◆ **Data shown**:
_ _ _
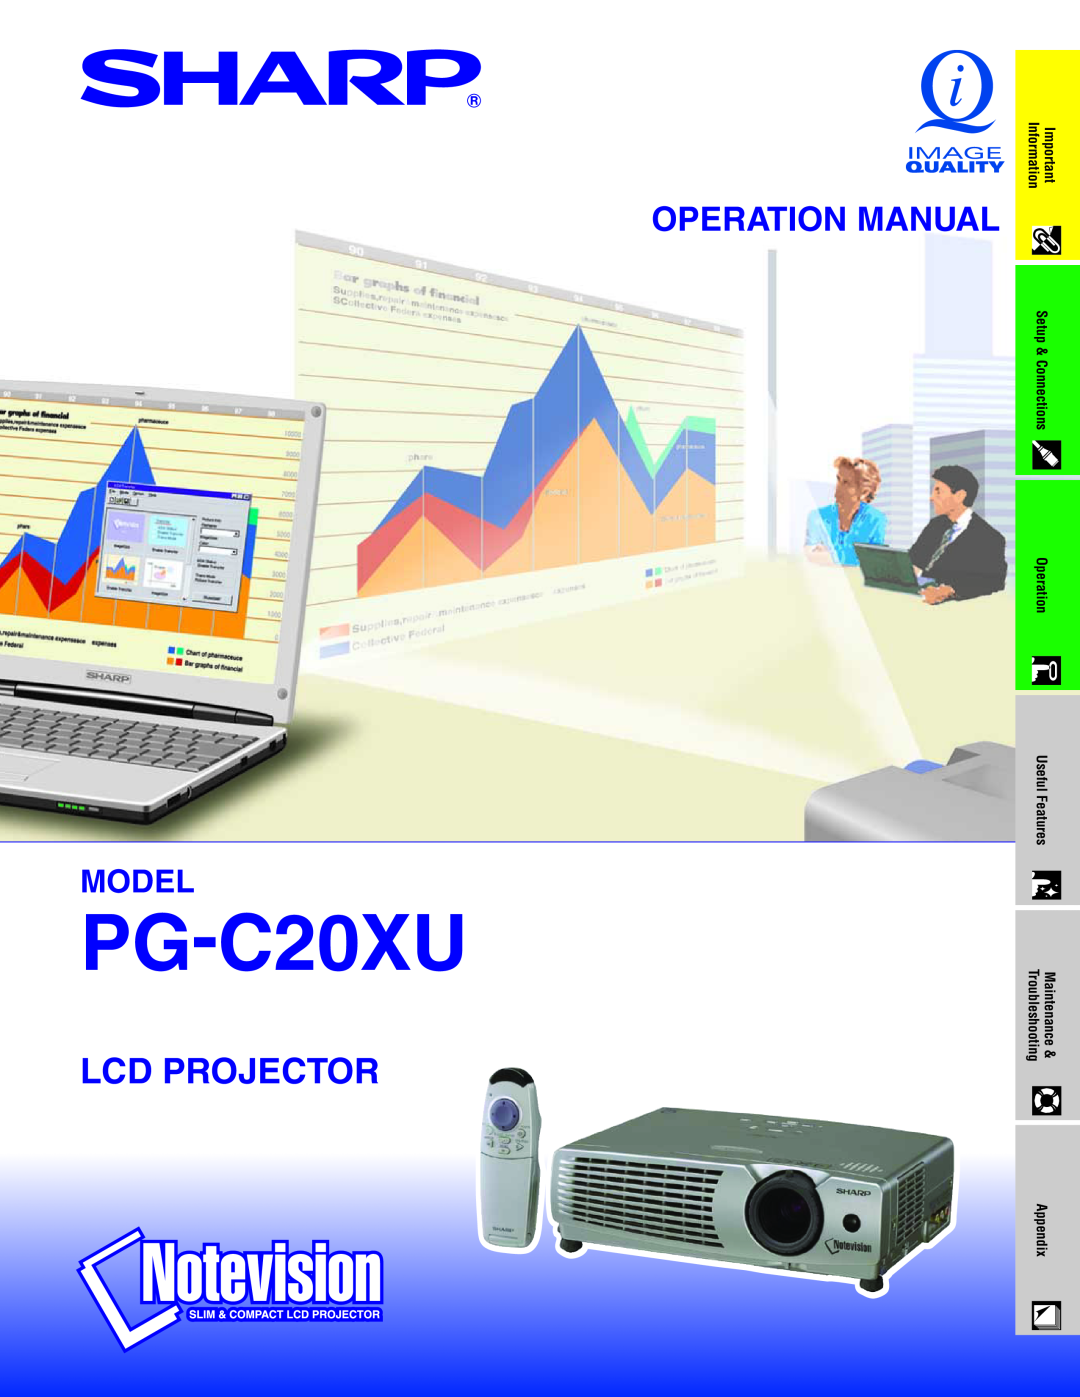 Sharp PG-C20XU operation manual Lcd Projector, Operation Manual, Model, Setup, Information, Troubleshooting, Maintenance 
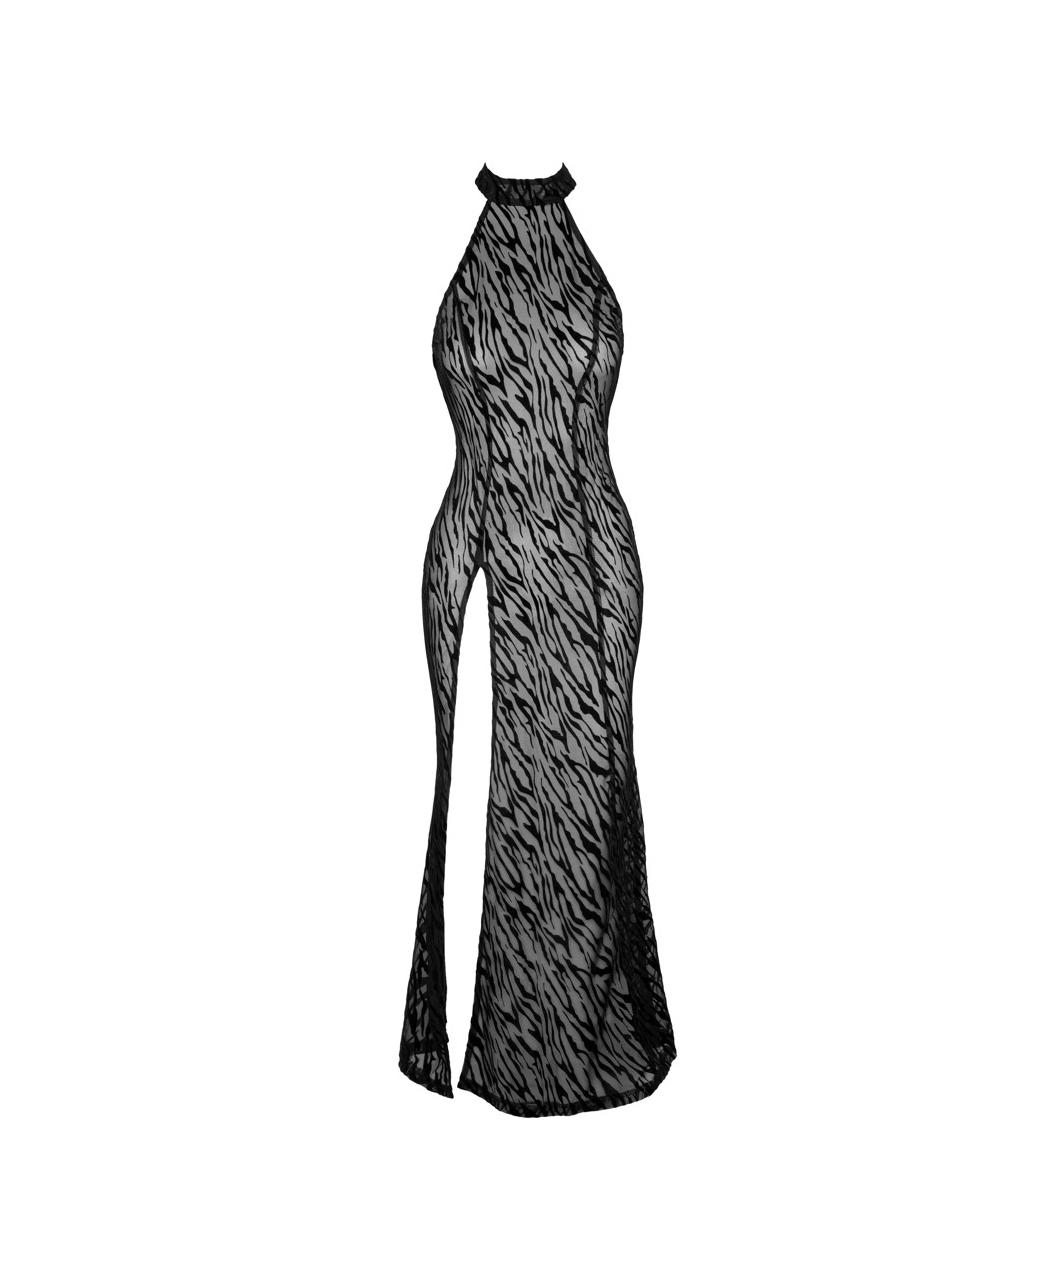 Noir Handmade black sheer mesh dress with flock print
_ _ _
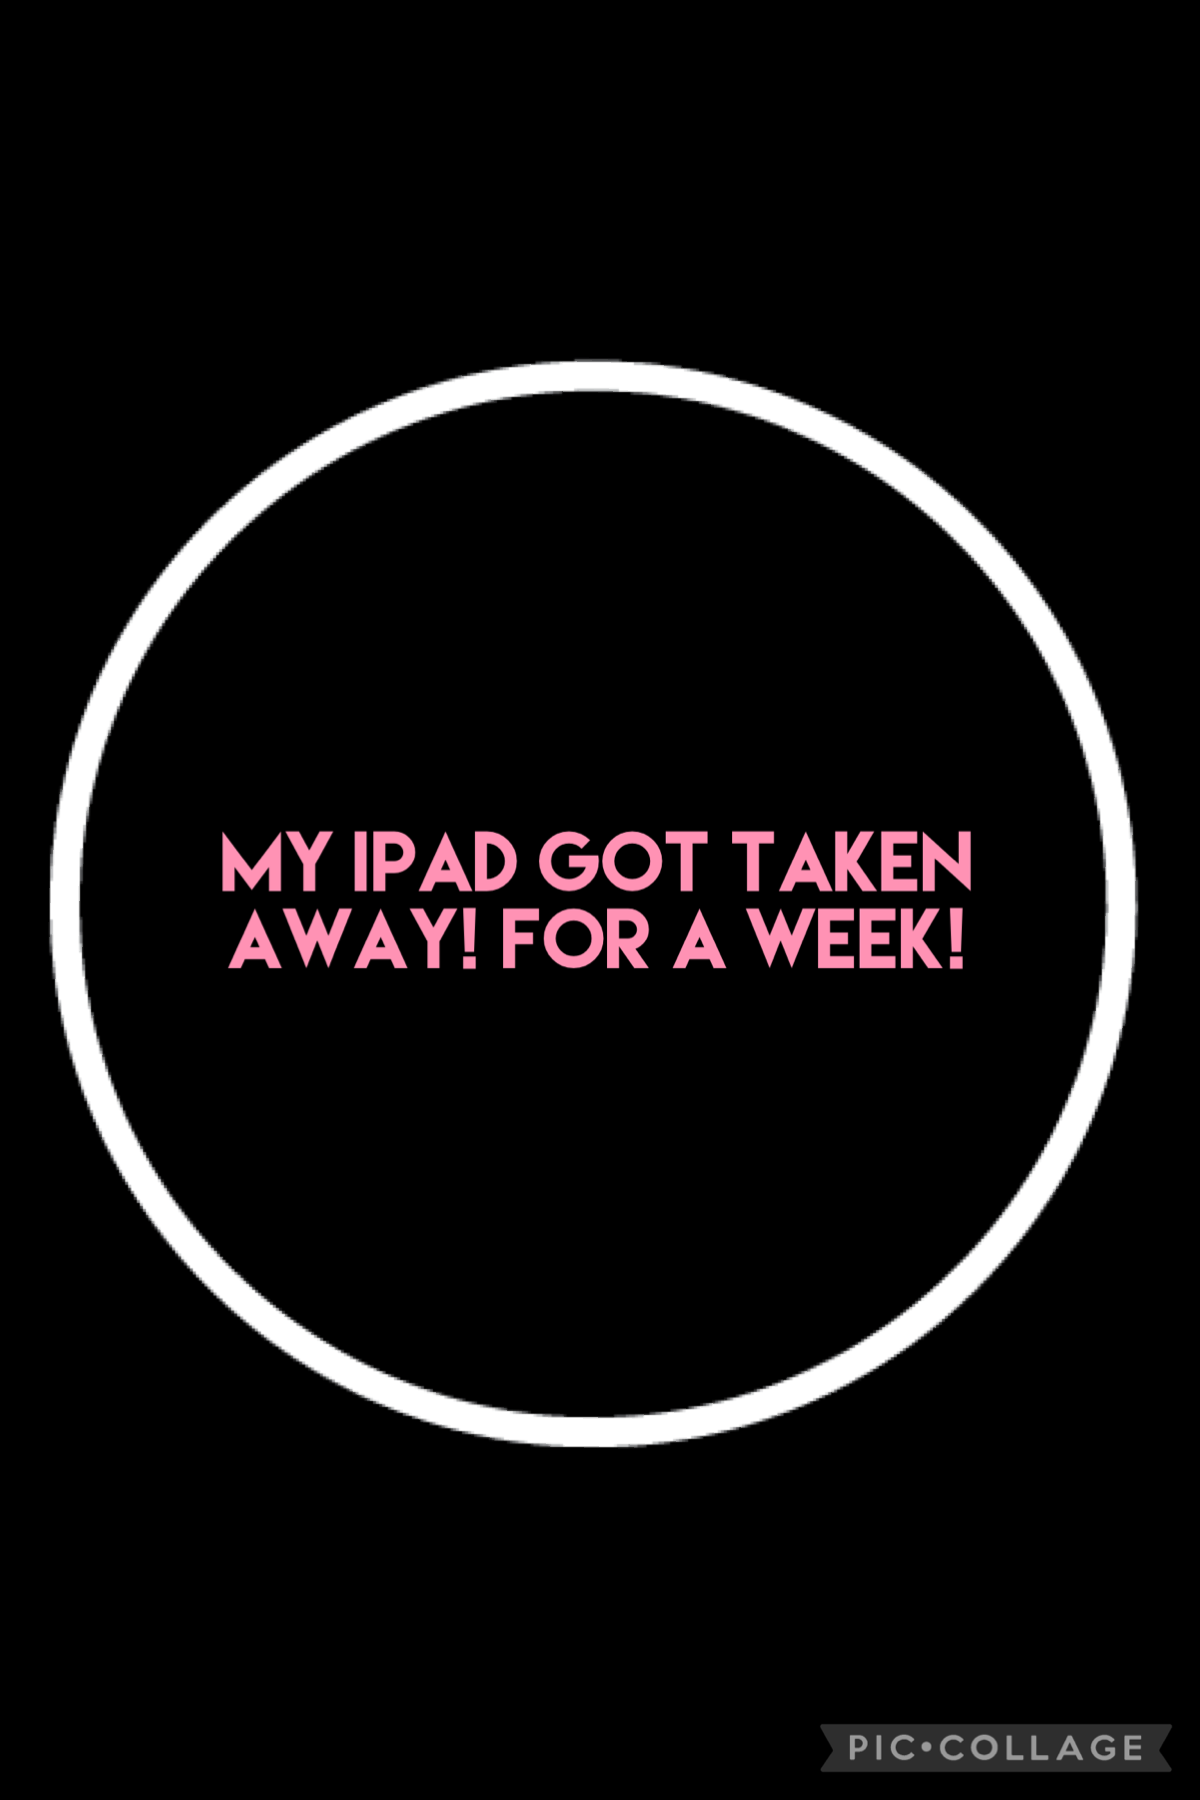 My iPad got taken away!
_ _ _
◆ **The task**: Taking the records above, print only and exactly the lines from the line with "Sharp PG-C20XU operation" to the line with "Noir Handmade black", both kept, and exclude pictures.

◆ **Your solution**:
 Sharp PG-C20XU operation manual Lcd Projector, Operation Manual, Model, Setup, Information, Troubleshooting, Maintenance 
 Noir Handmade black sheer mesh dress with flock print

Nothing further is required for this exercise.